■ **SUPPLIED DATA**:
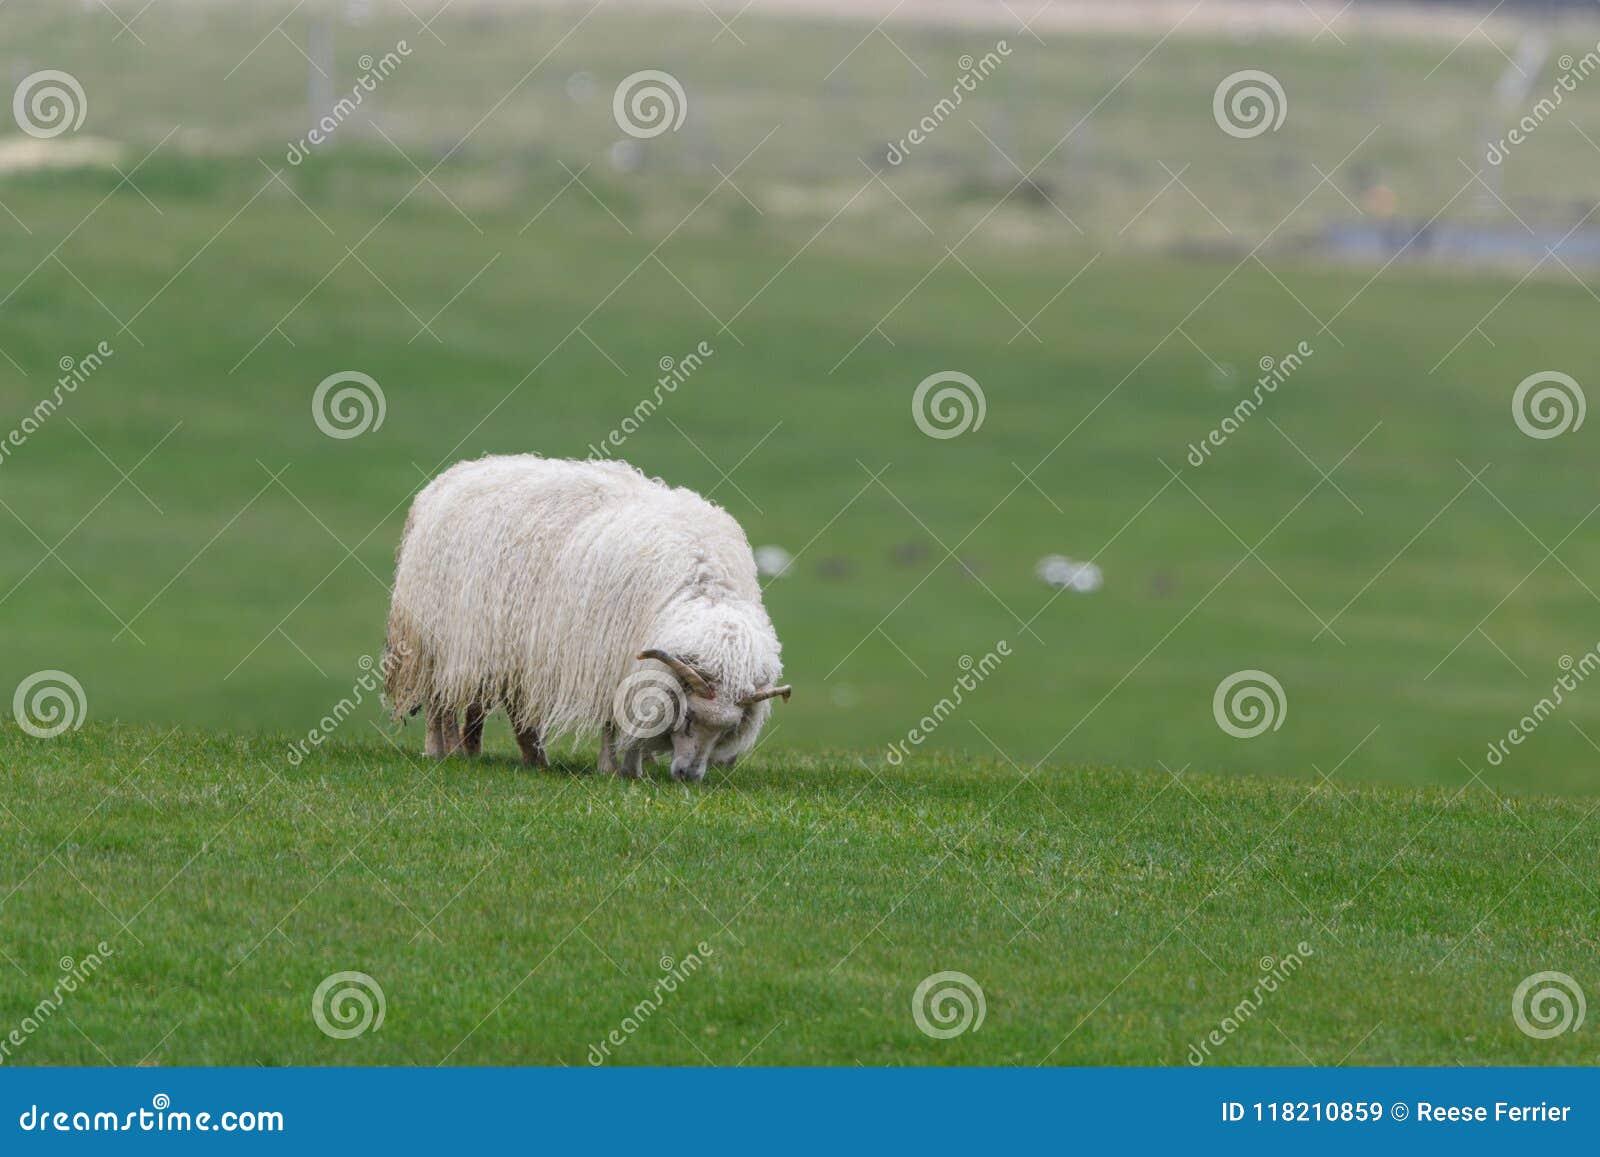 Isländisches Schafe Ãslenska-sauðkindin
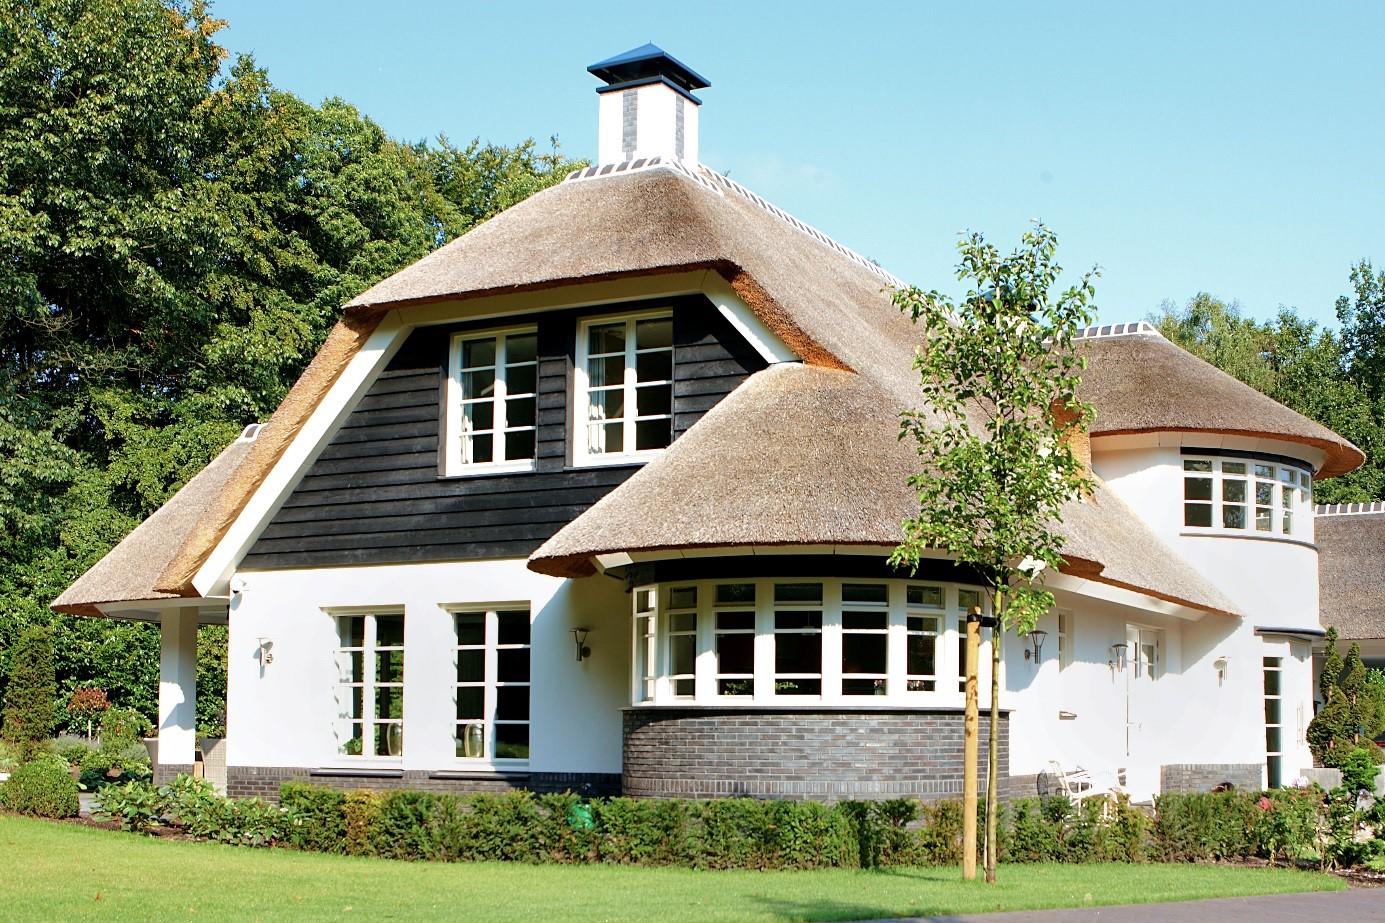 Levensduur rieten dak zorg dat uw dak langer meegaat
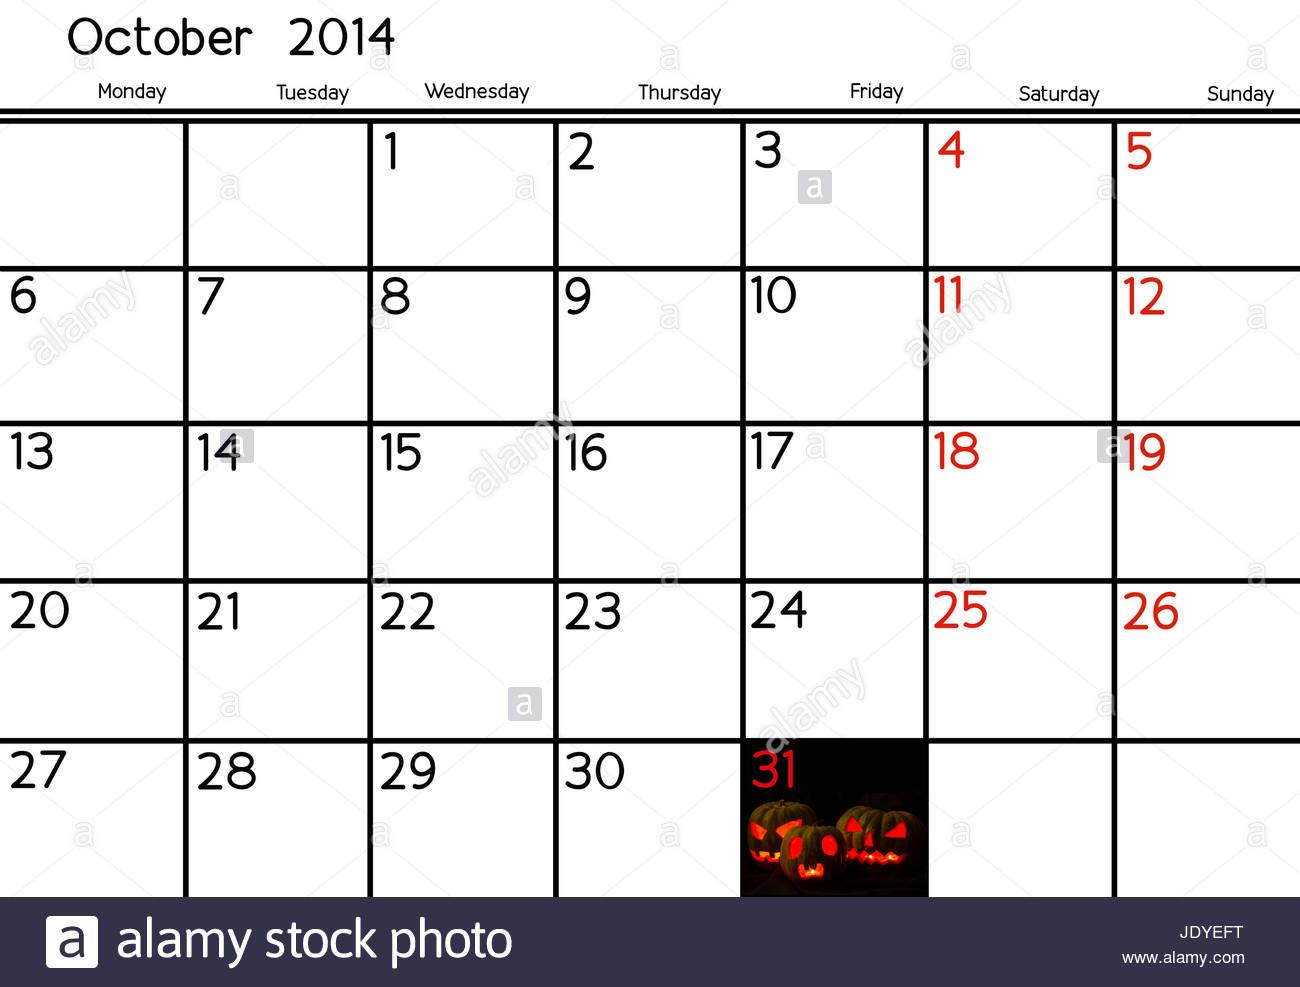 Blank Calendar Of October, 2014 Stock Photo: 146277596  Alamy inside Blank Calendar 2014

■ **YOUR OBJECTIVE**: The listing is to be repeated exactly, with its pictures removed.

■ **SOLUTION FOR THIS EXERCISE**:
 Isländisches Schafe Ãslenska-sauðkindin
 Levensduur rieten dak zorg dat uw dak langer meegaat
 Blank Calendar Of October, 2014 Stock Photo: 146277596  Alamy inside Blank Calendar 2014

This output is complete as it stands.